US Shale Firms Bet on Weakening WTI. US oil producer Diamondback Energy (NYSE:FANG) bought options worth some $70 million to sell the price difference between WTI and Brent at -$42 per barrel, betting on the Trump administration banning oil exports and depressing US oil prices. 

Beijing Gives Up on Saudi Crude. The nominations of Chinese refiners for June-loading Saudi oil barrels have collapsed to a mere 10 million barrels, some 333,000 b/d, with consistently high formula prices leading to the lowest demand on record, with 2025 exports averaging 1.4 million b/d.  

India Rejects Russia’s Sanctioned LNG. India’s Modi government has declined Russia’s offer to sell it liquefied natural gas cargoes from sanctioned projects such as Arctic LNG 2 and Portovaya LNG, rejecting the Kunpeng tanker that was anchored in the country’s waters for several weeks.   

West African Is Doubling Down on Drilling. Equatorial Guinea’s oil ministry has announced it would be offering 13 oil blocks for upstream companies for direct negotiations, cancelling plans for a licensing round and seeking to replicate the success of its ConocoPhillips deal from late 2025. 

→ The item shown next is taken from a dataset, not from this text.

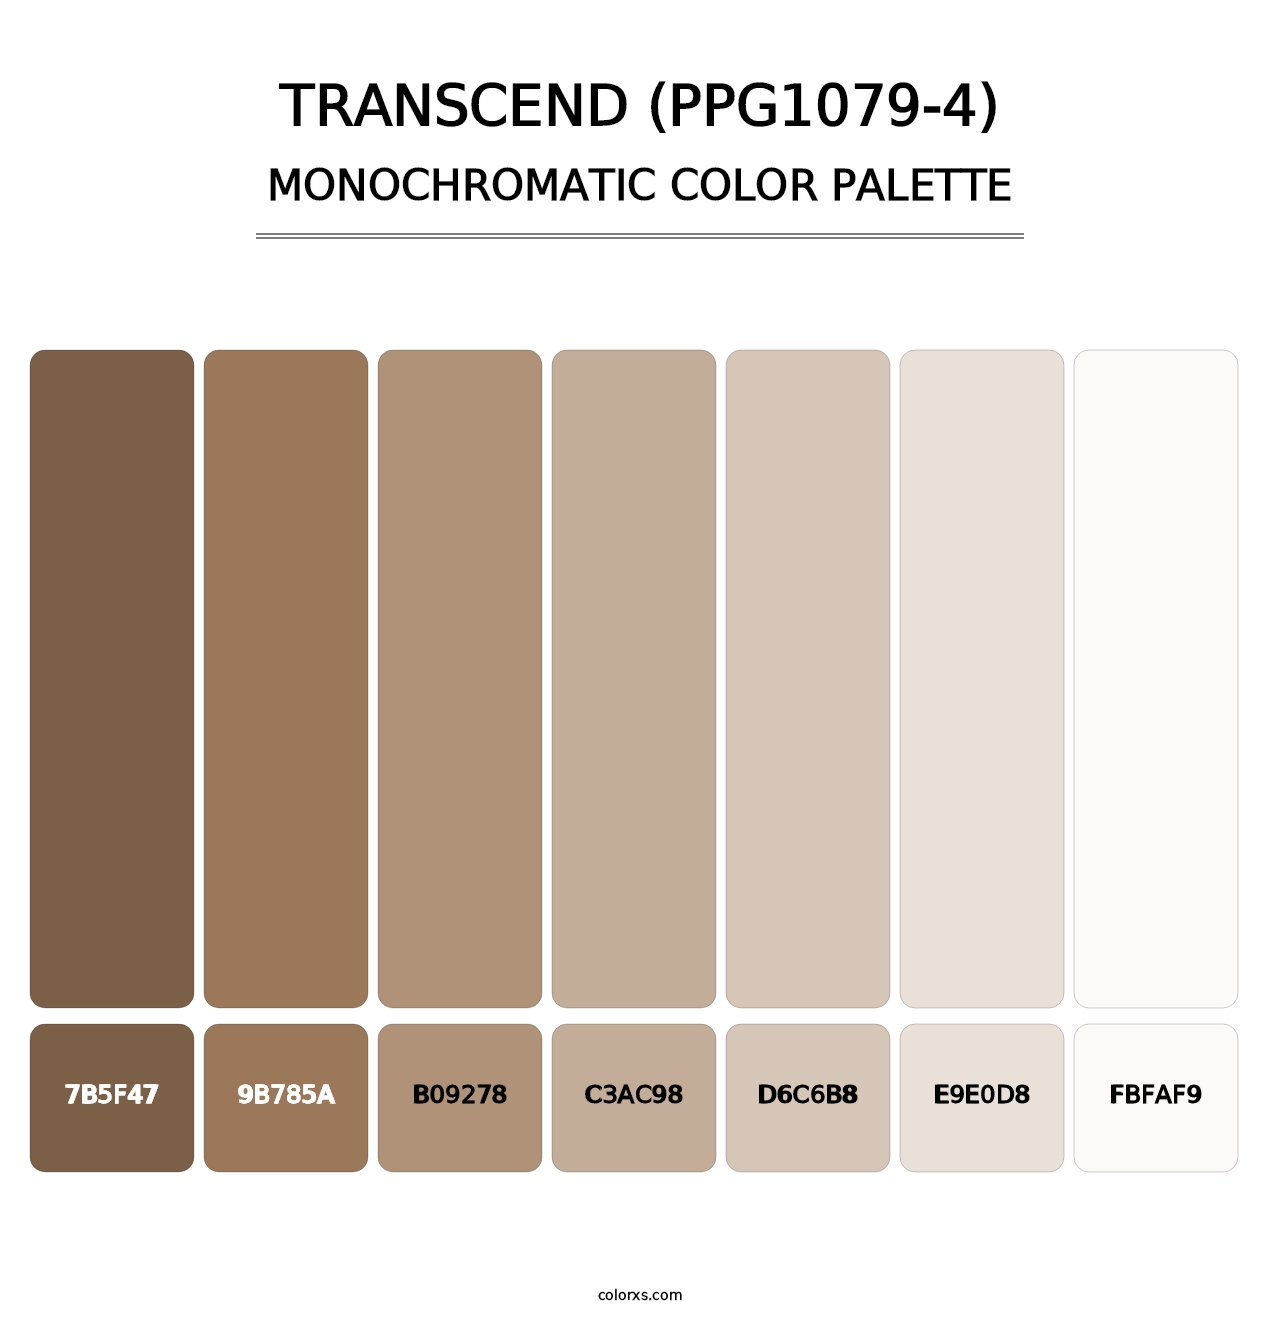 Transcend (PPG1079-4) - Monochromatic Color Palette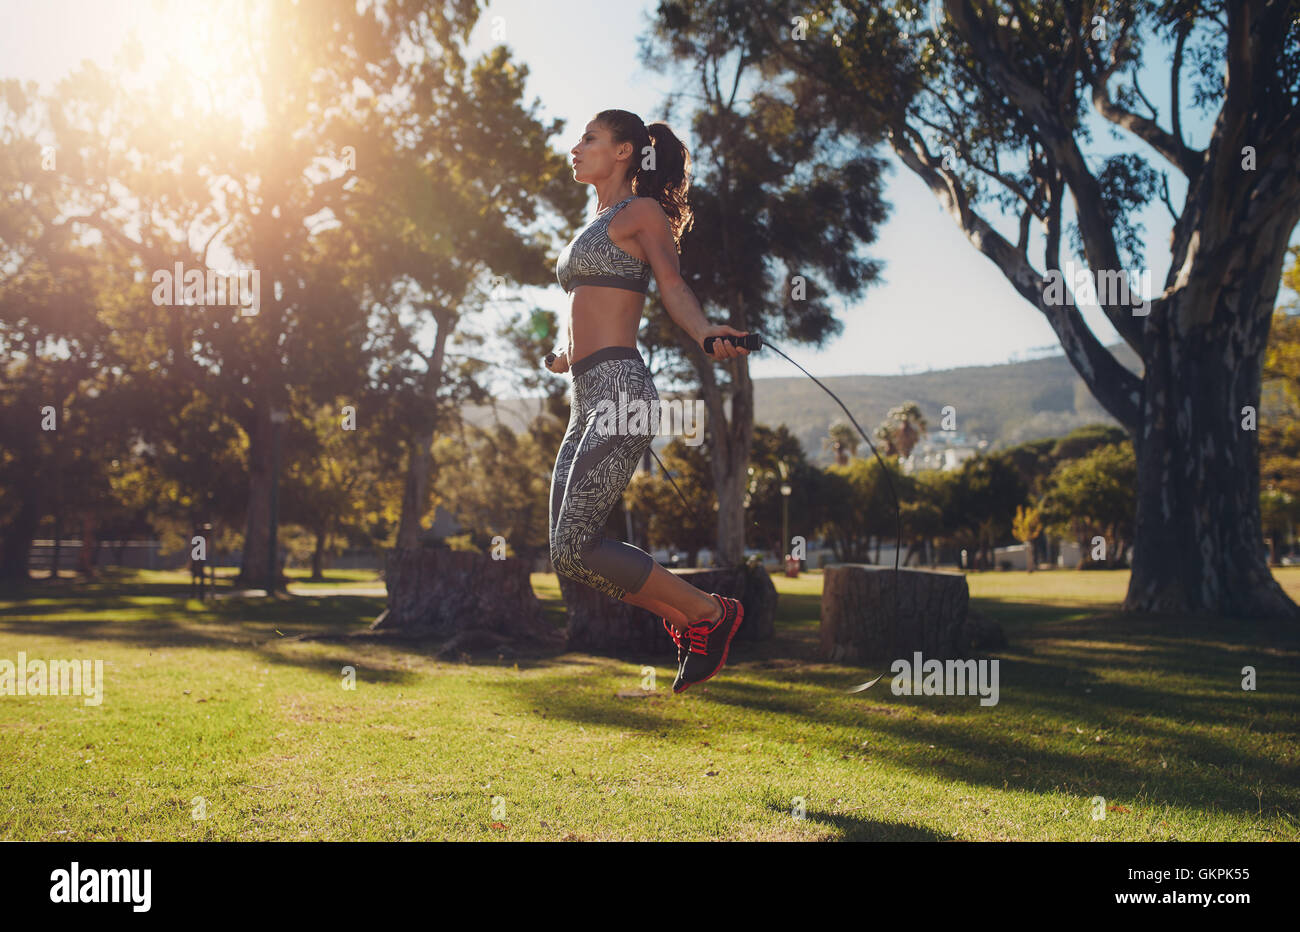 A piena lunghezza Ritratto di montare la giovane donna saltando con un salto con la corda nel parco in un giorno d'estate. Foto Stock

IRGC Expands Its Claim of Hormuz Strait. The Islamic Revolutionary Guard has indicated it would expand its zone of control around the Strait of Hormuz, now claiming a ‘vast operational area’ 10 times wider than before the war, stretching all the way to Sirri Island, 250 km from the Hormuz.

Funds’ Bullish Appetite Pushes Copper Higher. Supply disruptions across the global mining landscape and strong hedge fund positioning have helped copper to hit a three-month peak, with the LME three-month contract touching $14,025 per tonne, up $1,000 per tonne from a week ago.